What we are protecting against
The threat model for a typical WordPress site on a VPS breaks down into a few recurring categories. The first is brute force on the login endpoints, mostly wp-login.php and xmlrpc.php, where bots cycle through credential lists at hundreds of attempts per minute. The second is exploitation of vulnerable plugins and themes, which according to multiple security vendors account for over 90% of WordPress security incidents. The third is direct SSH brute force against the VPS itself. The fourth is misconfigured file permissions that let attackers read database credentials or write malicious code. The fifth is missing TLS, which leaks admin sessions over open networks.

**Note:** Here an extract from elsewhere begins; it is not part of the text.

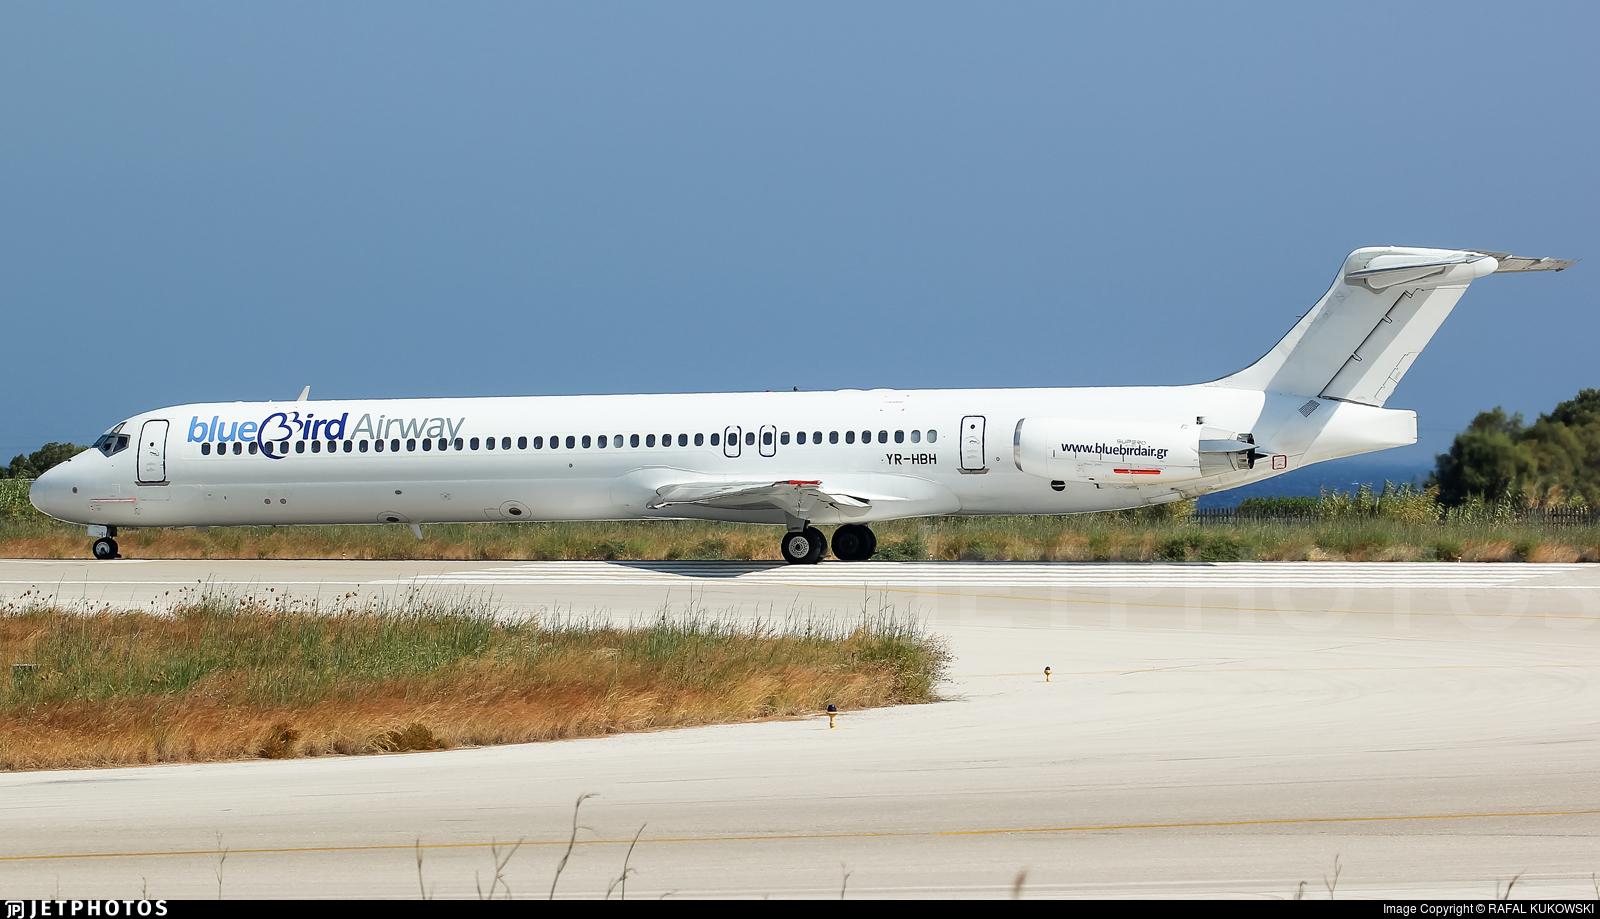 YR-HBH - McDonnell Douglas MD-83 - Bluebird Airways

Each section below addresses one of these vectors with a concrete configuration step.
Prerequisites
To follow along we need:
- A VPS running Ubuntu 22.04 LTS or Ubuntu 24.04 LTS
- Root SSH access provided by the hosting panel
- A working WordPress installation on a LEMP stack (Linux, Nginx, MySQL or MariaDB, PHP-FPM)
- A registered domain with an A-record pointing to the VPS public IP
For our walkthrough we use a Serverspace VPS with Ubuntu 24.04 as the test environment, but every command is portable to any Ubuntu-based provider. If you need a fresh server to follow along, you can spin up a Serverspace VPS in a few minutes.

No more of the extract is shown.